Essa é a informação que quase nunca chega junto com o diagnóstico.

Houve um período em que praticamente todo paciente operado de câncer de tireoide recebia radioiodo. Isso mudou. As diretrizes atuais são bem mais seletivas, e a razão é simples: em tumores de baixo risco, o radioiodo não demonstrou melhorar os desfechos que importam — e todo tratamento sem benefício é só efeito colateral.

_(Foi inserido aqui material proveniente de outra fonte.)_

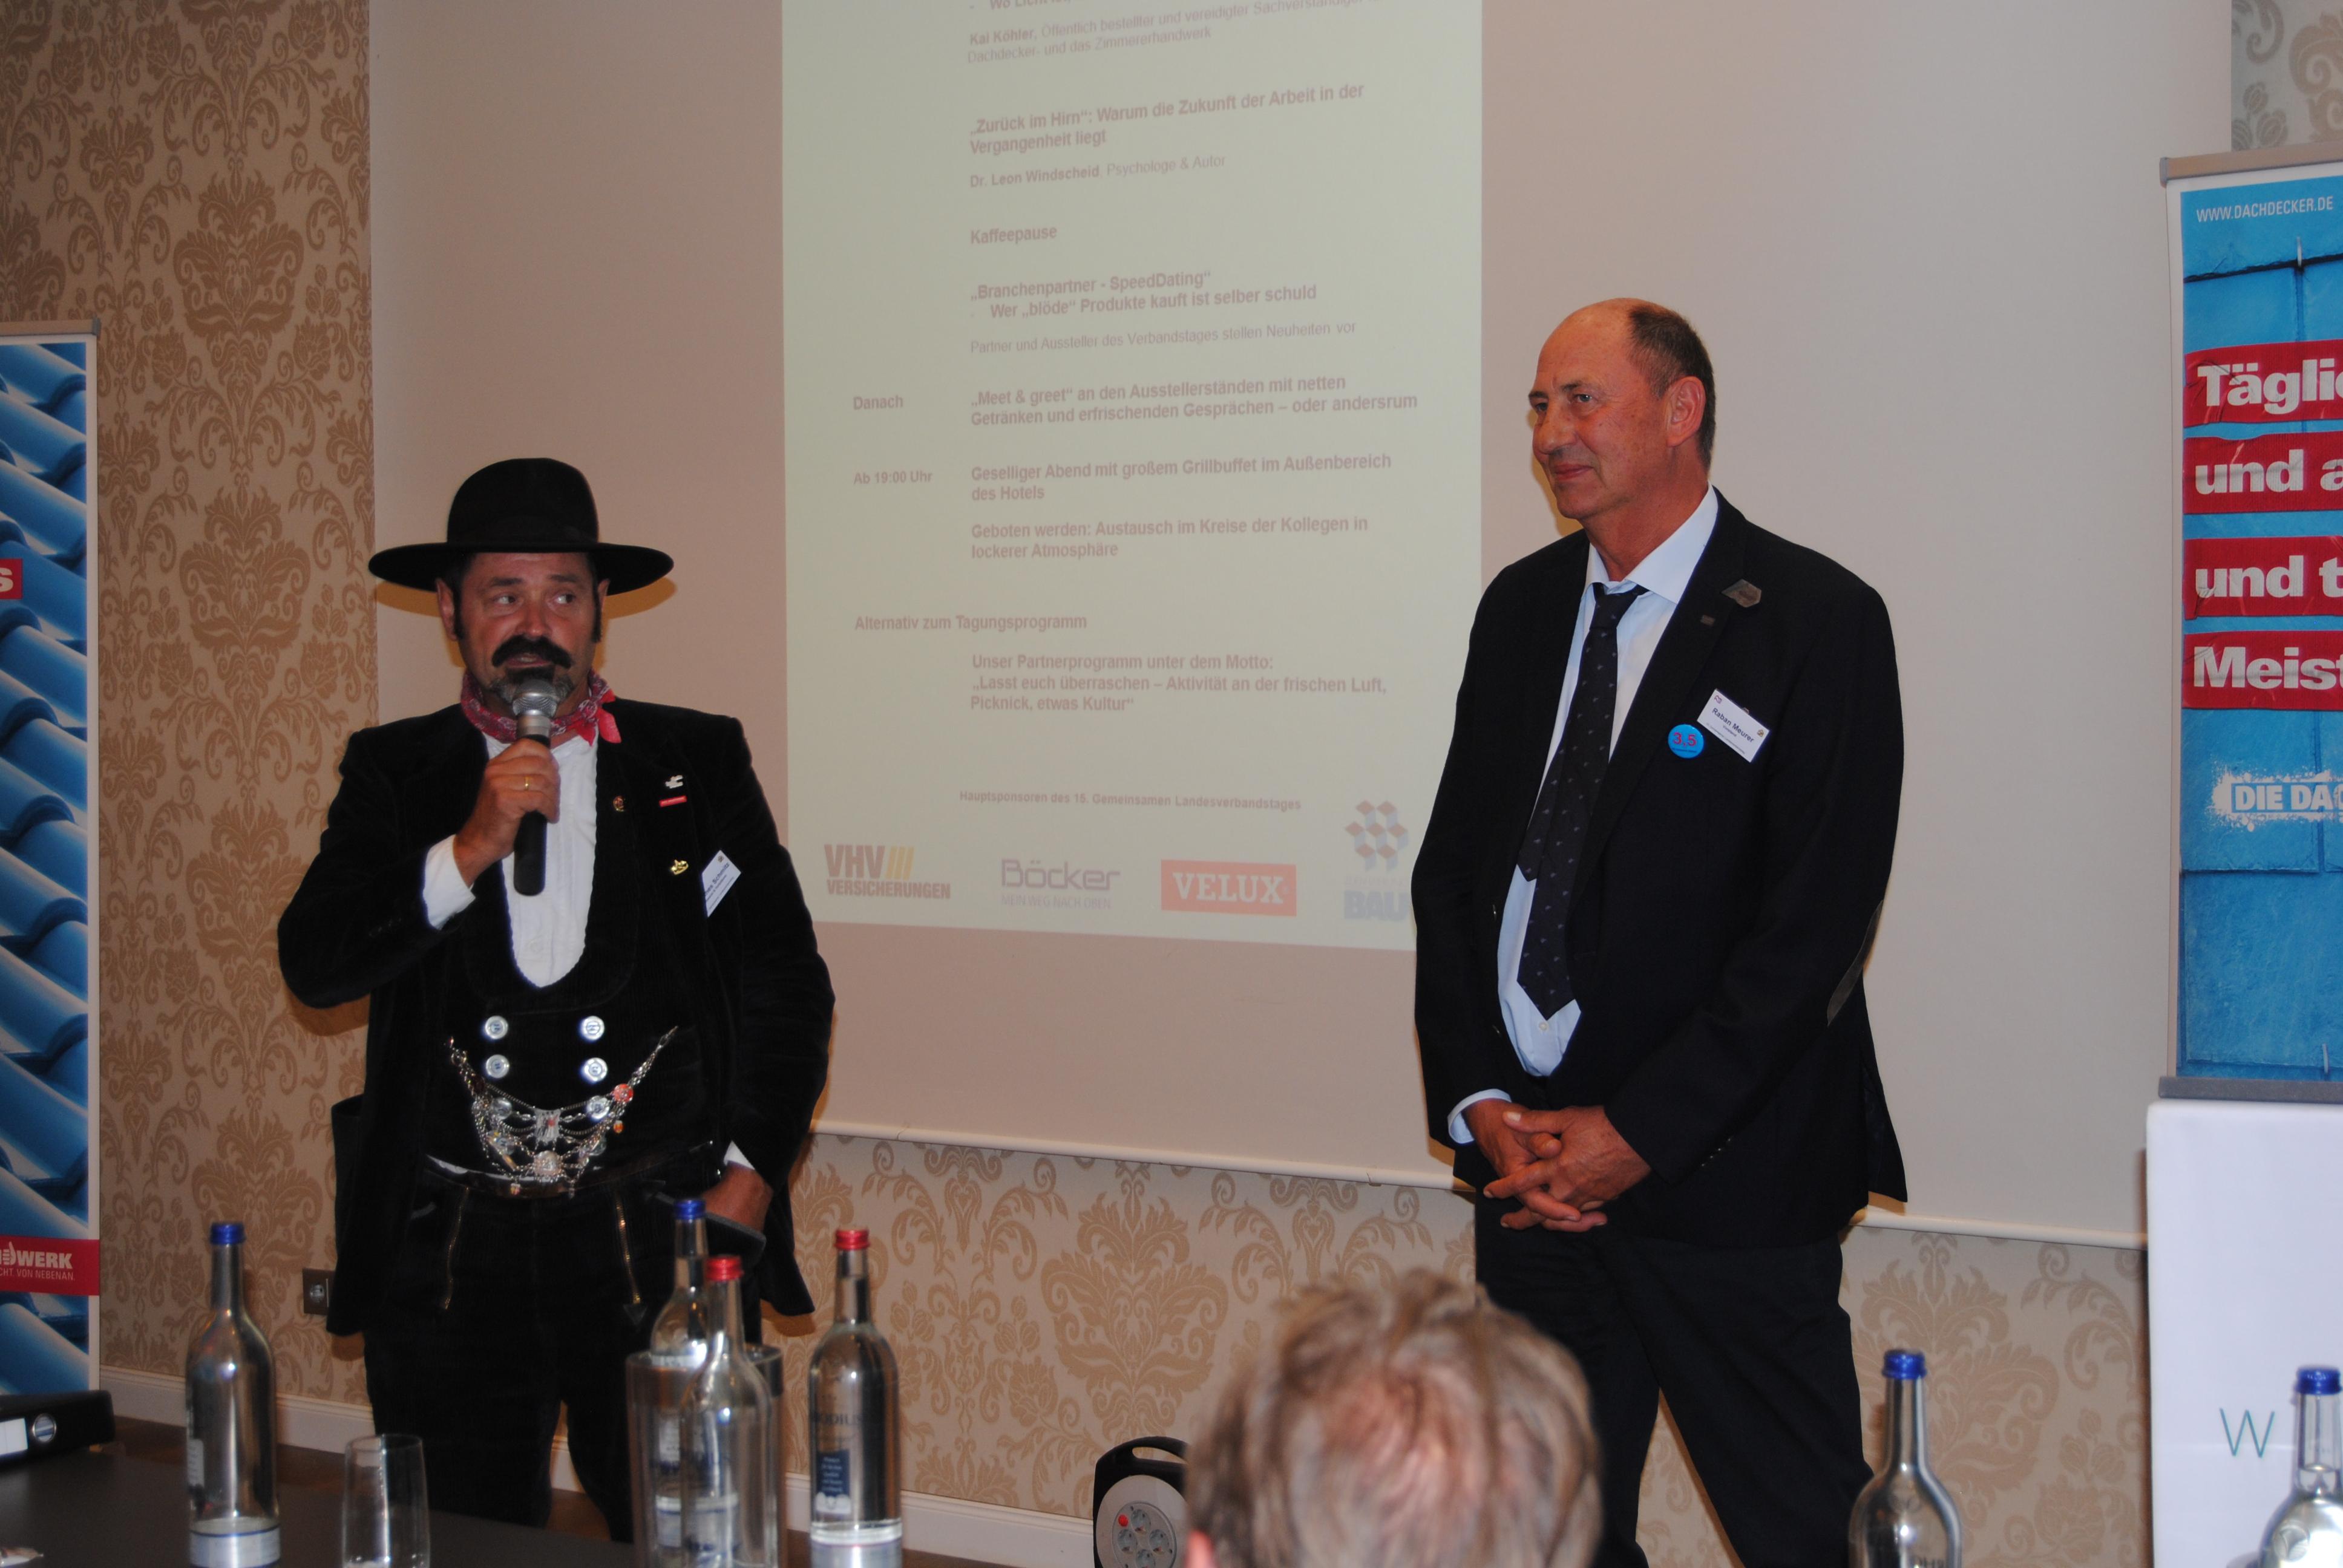 Johannes Schmitz und Raban Meurer beim Grußwort

Hoje a indicação depende de:

- **Tamanho e extensão do tumor** — se ficou restrito à glândula ou ultrapassou seus limites
- **Subtipo histológico** — variantes mais agressivas pesam a favor da indicação
- **Invasão vascular** e margens cirúrgicas
- **Comprometimento de linfonodos** — quantidade, tamanho e presença de extravasamento capsular
- **Presença de metástase a distância**
- **Comportamento da [tireoglobulina](https://www.drjonatascatunda.com/post/tireoglobulina-e-o-ca-ncer-de-tireo-ide-entenda-esse-exame)** após a cirurgia

É a soma disso que forma a **estratificação de risco** — e ela só fica completa depois da análise da peça cirúrgica, não antes. Falamos de como esse laudo é lido em [como interpretar a biópsia da tireoidectomia](https://www.drjonatascatunda.com/post/como-interpretar-a-bio-psia-da-tireoidectomia).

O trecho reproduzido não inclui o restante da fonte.